Aim of the task
Omitting the pictures, print every line below exactly as it stands.

Data segment

------------------------------------------------------------------------

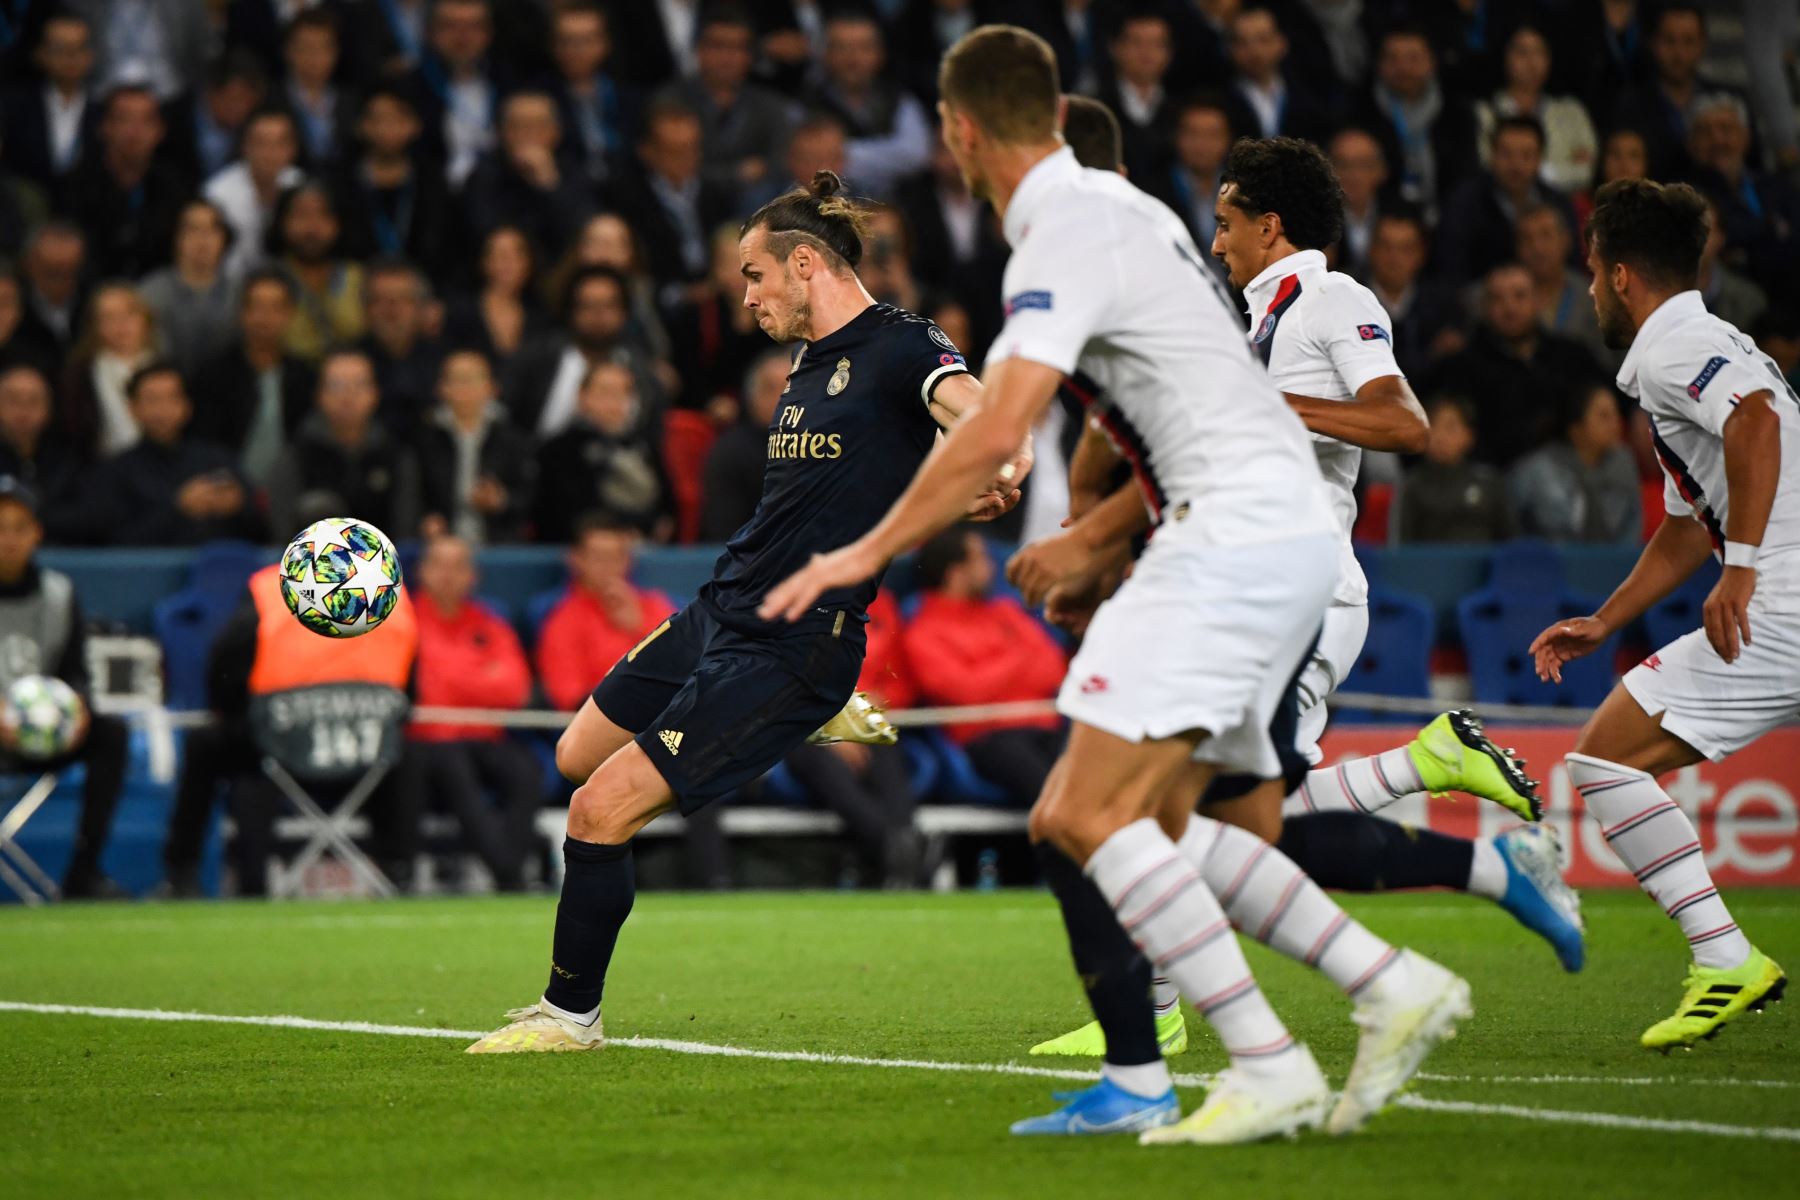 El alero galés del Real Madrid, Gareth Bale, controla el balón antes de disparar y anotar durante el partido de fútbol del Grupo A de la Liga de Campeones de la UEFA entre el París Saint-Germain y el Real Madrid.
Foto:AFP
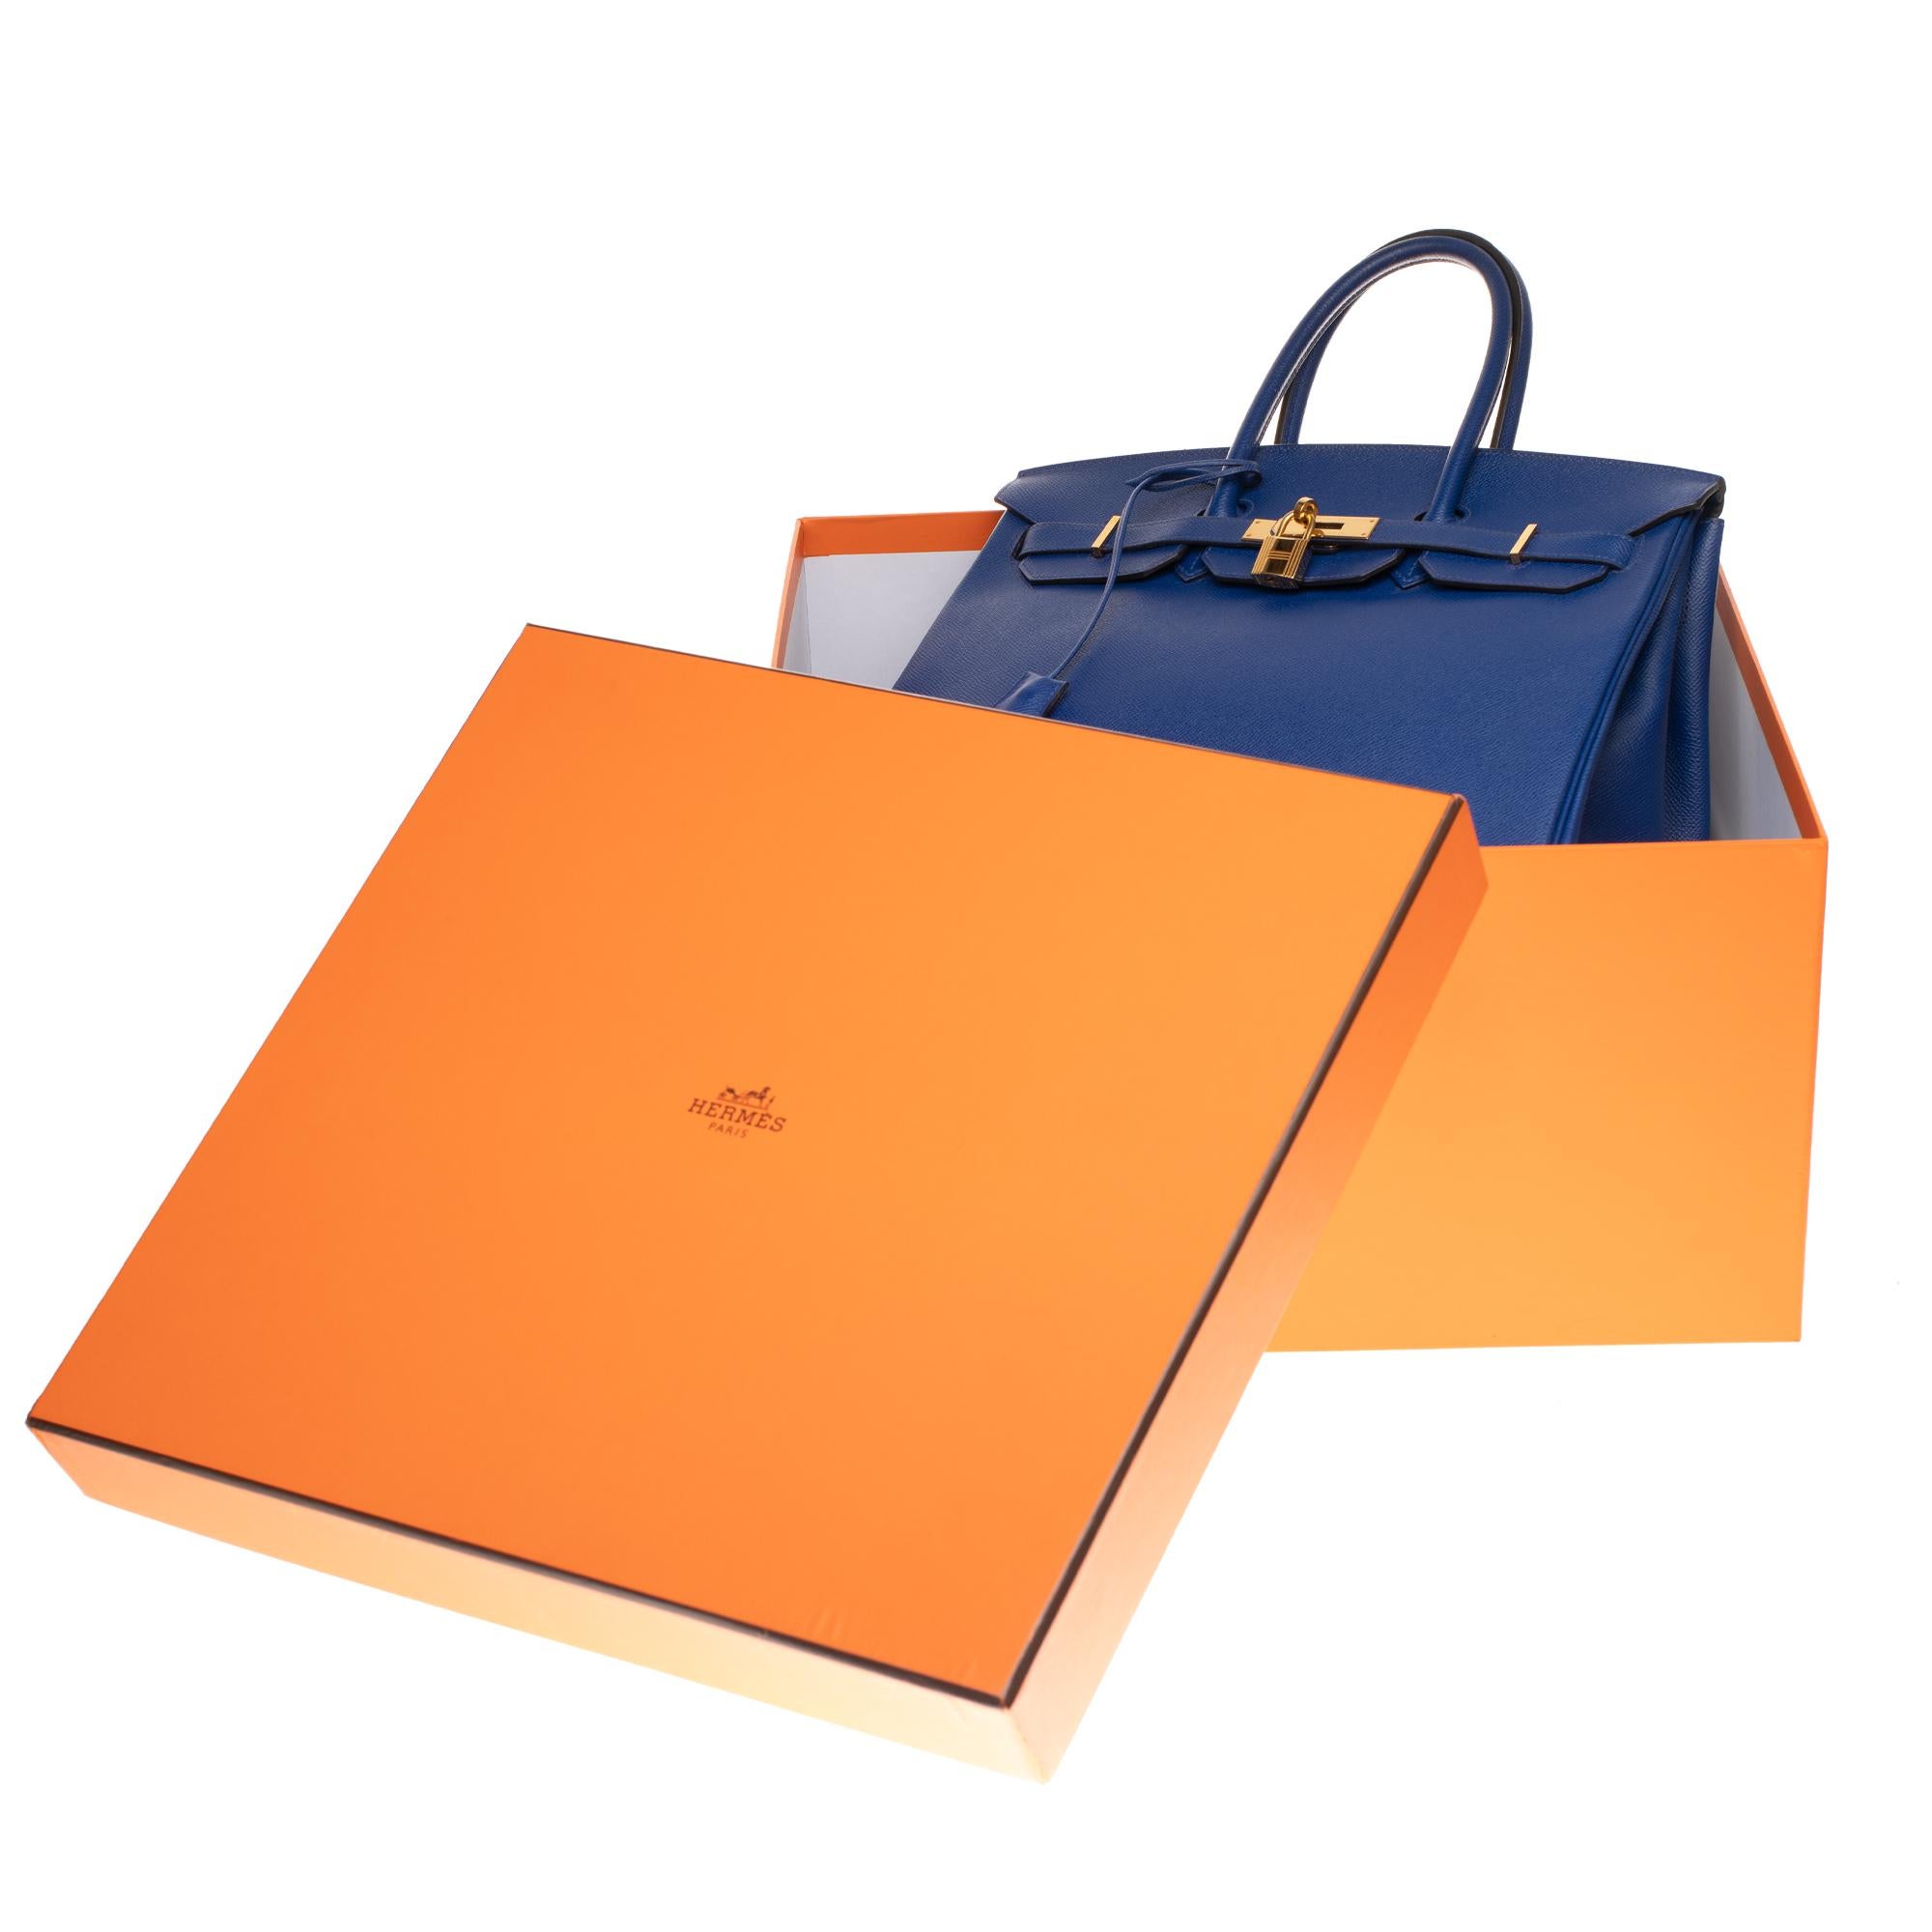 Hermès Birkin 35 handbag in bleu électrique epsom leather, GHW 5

------------------------------------------------------------------------

Output for this task
 El alero galés del Real Madrid, Gareth Bale, controla el balón antes de disparar y anotar durante el partido de fútbol del Grupo A de la Liga de Campeones de la UEFA entre el París Saint-Germain y el Real Madrid.
Foto:AFP
 Hermès Birkin 35 handbag in bleu électrique epsom leather, GHW 5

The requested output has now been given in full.